• _INFORMATION SHOWN_
★ ★ ★ ★
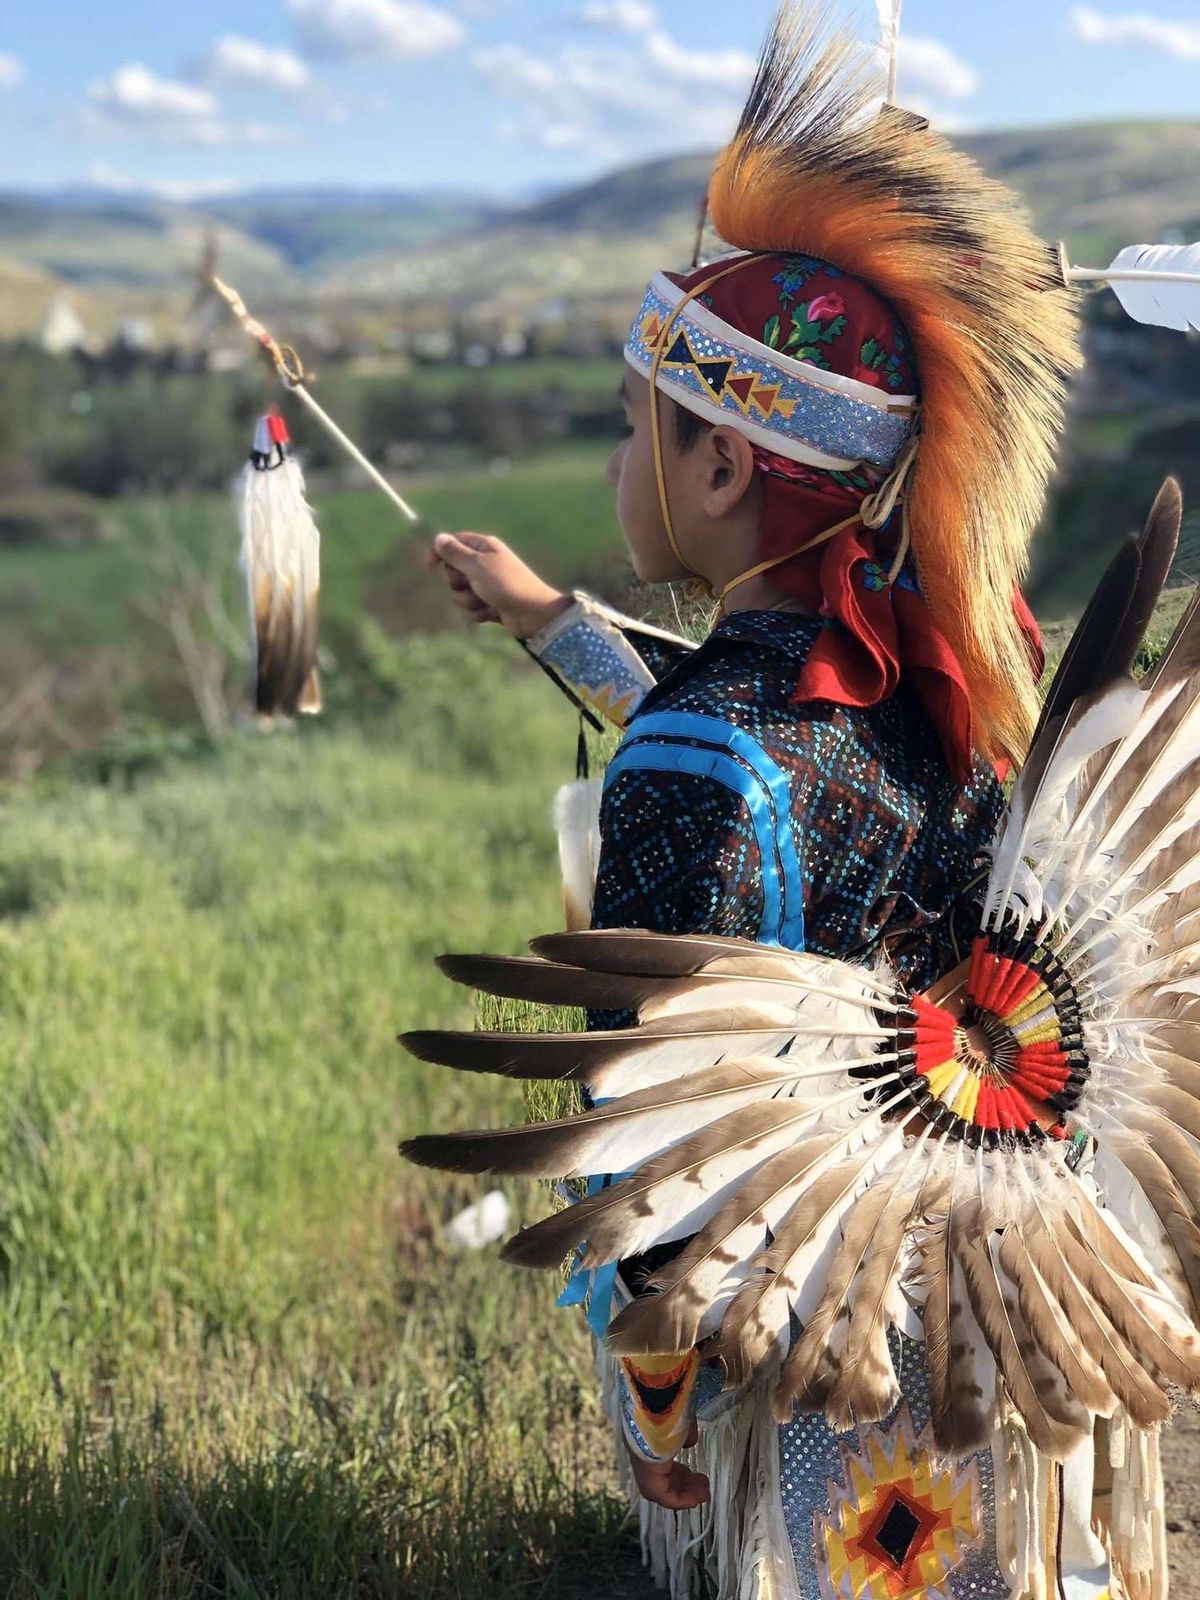 Hashkai Robert Bird’s Prairie Chicken regalia was handmade by his mother. At age four he wanted to dance in multiple categories, but making regalia takes time and money, his mother Shibabe Abrahamson said. He’s now committed to the Prairie Chicken Dance. (Eric Bird / Eric Bird)
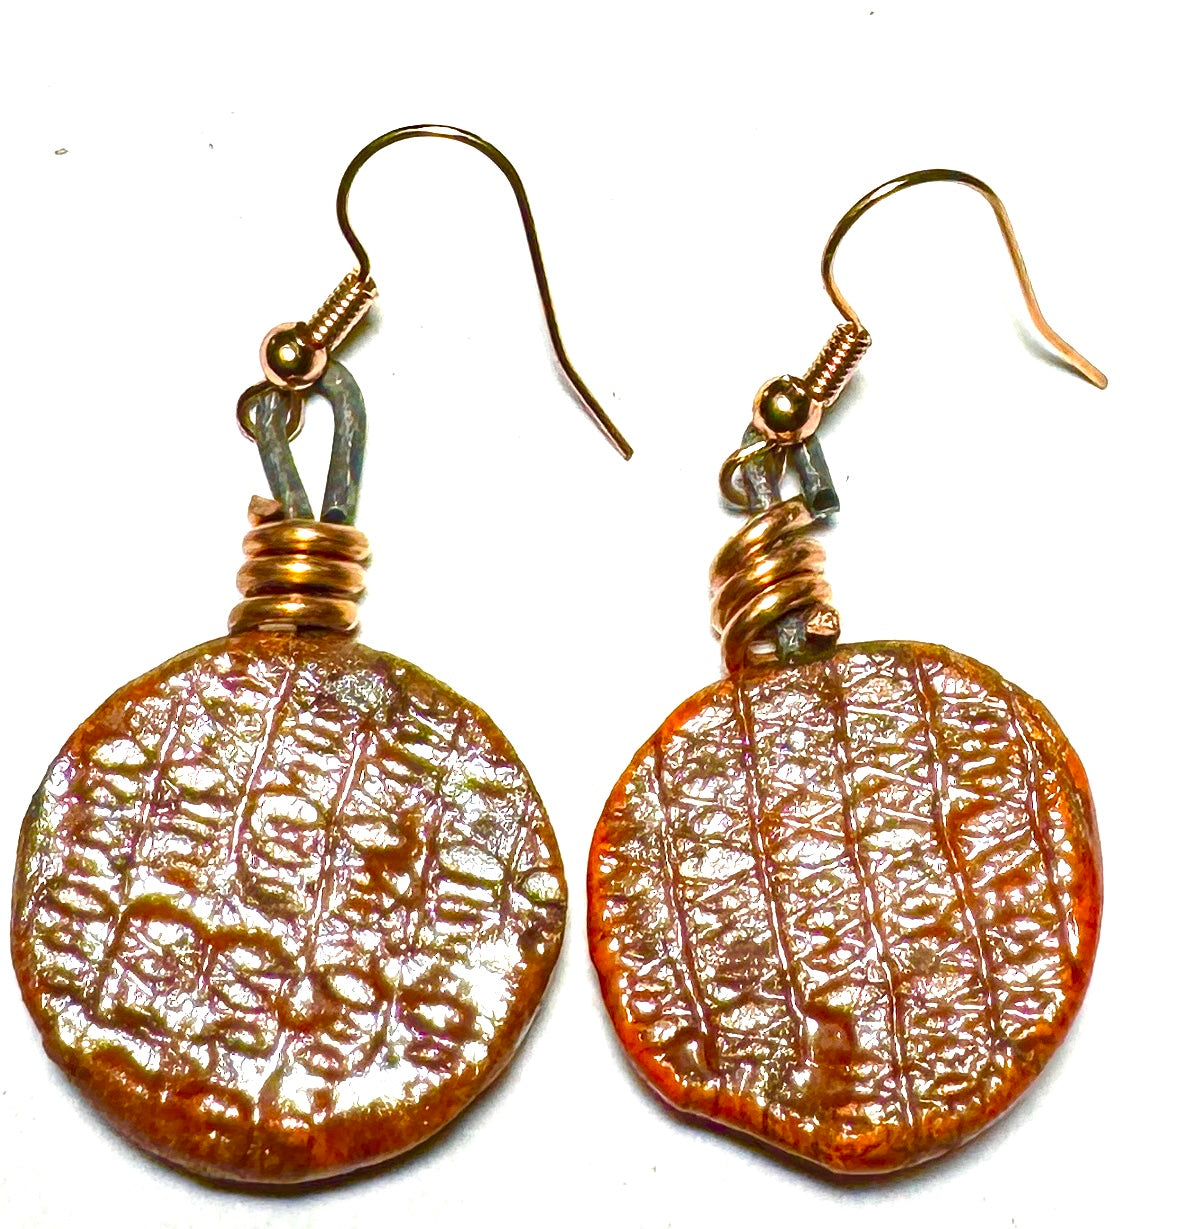 Raku Fired Earrings Shimmery Copper Luster Glazed on both sides 1/2 ounce The Raku Fired Earrings have a unique copper luster glaze that adds a special touch to any outfit. They come in a convenient 1/2 ounce pack, so you can easily take them on the go.
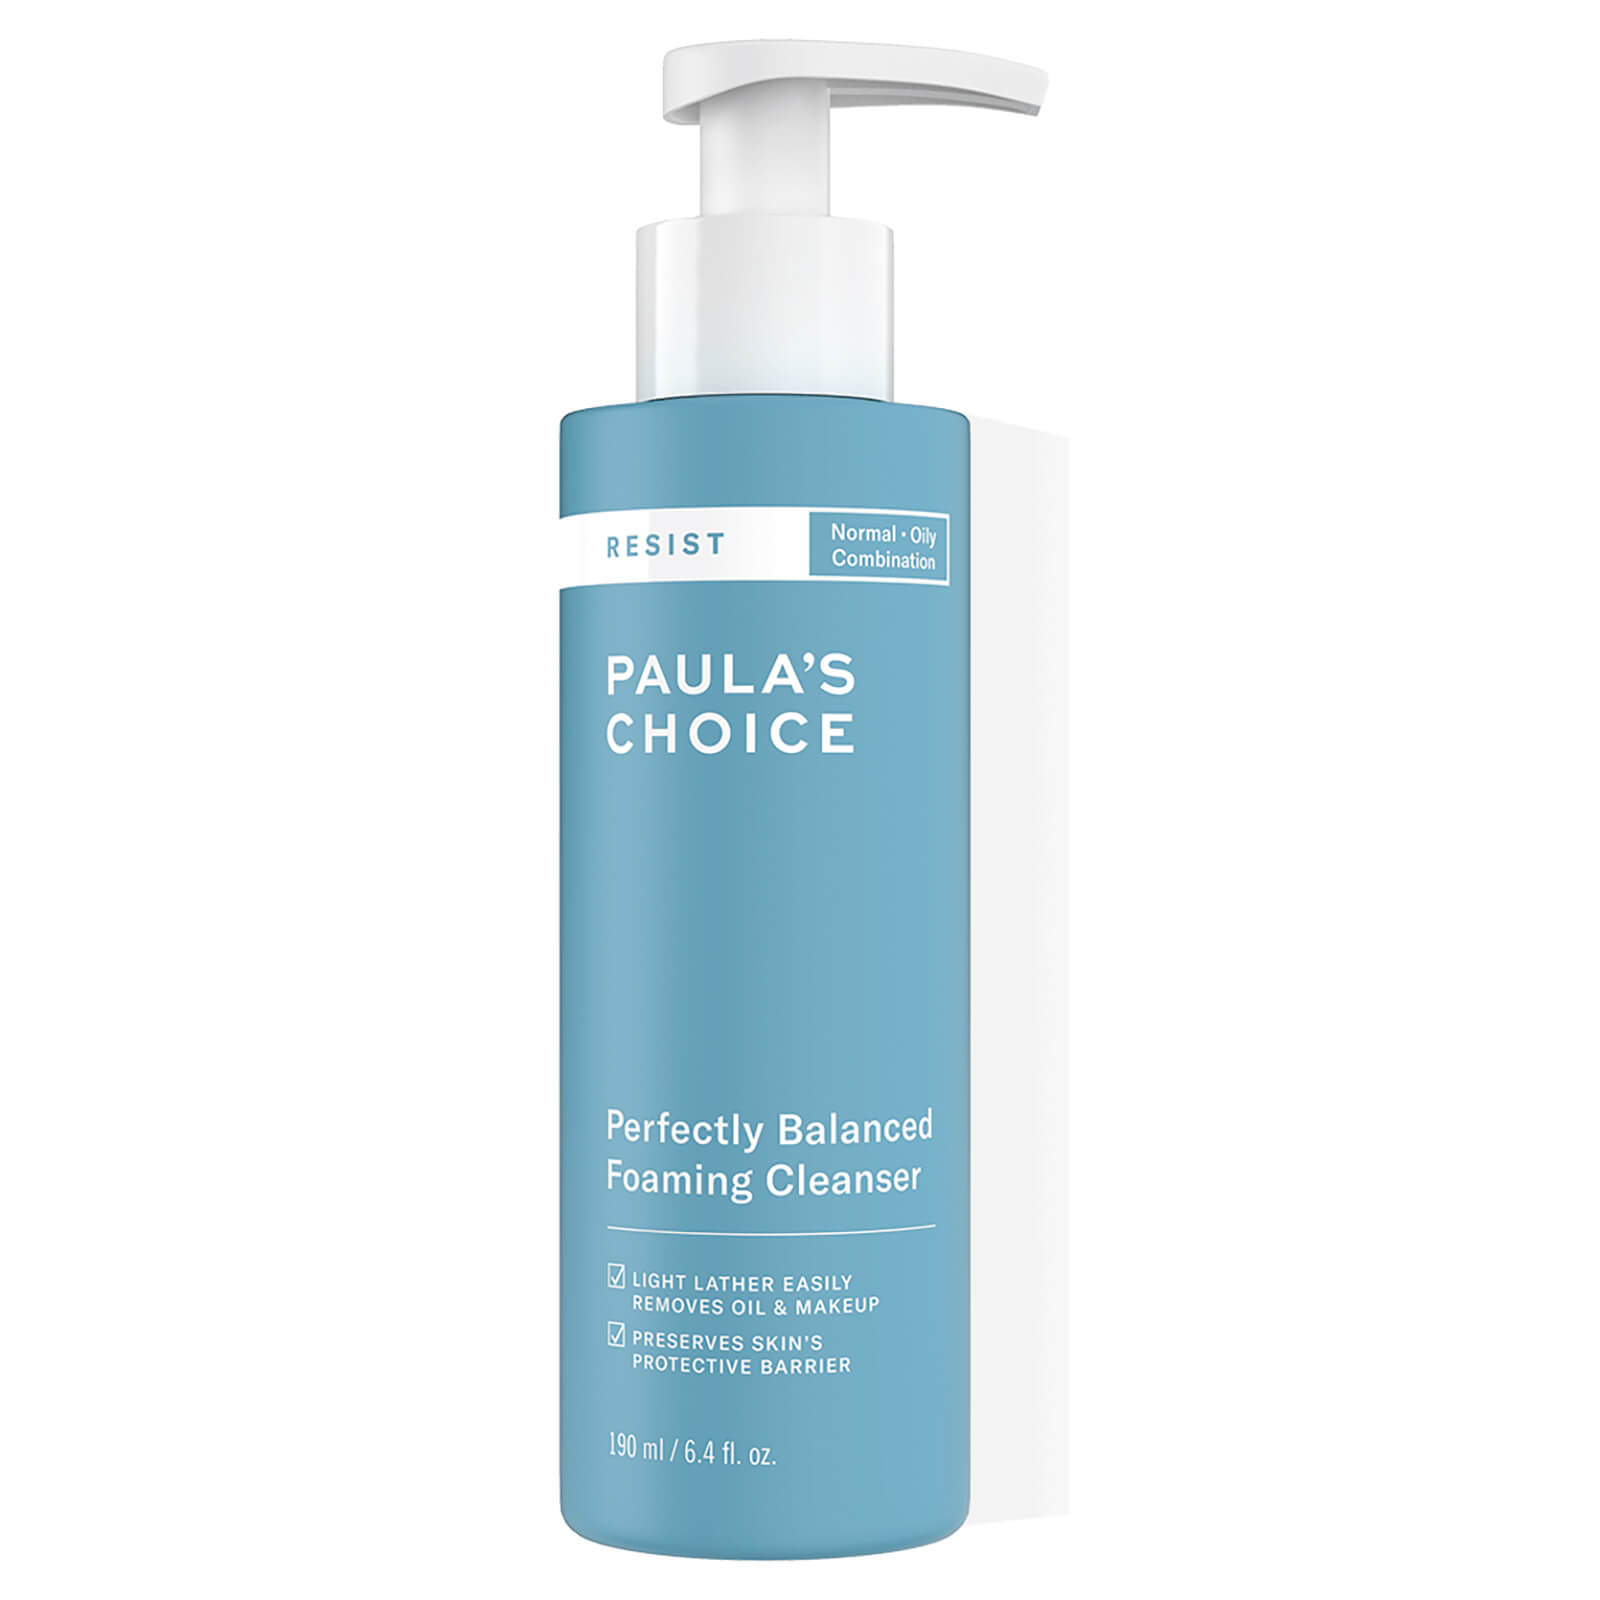 paula's choice cleanser review
★ ★ ★ ★
• _EXERCISE OBJECTIVE_
Give back the material above exactly as written, but omit the images.

• _WRITTEN ANSWER_
 Hashkai Robert Bird’s Prairie Chicken regalia was handmade by his mother. At age four he wanted to dance in multiple categories, but making regalia takes time and money, his mother Shibabe Abrahamson said. He’s now committed to the Prairie Chicken Dance. (Eric Bird / Eric Bird)
 Raku Fired Earrings Shimmery Copper Luster Glazed on both sides 1/2 ounce The Raku Fired Earrings have a unique copper luster glaze that adds a special touch to any outfit. They come in a convenient 1/2 ounce pack, so you can easily take them on the go.
 paula's choice cleanser review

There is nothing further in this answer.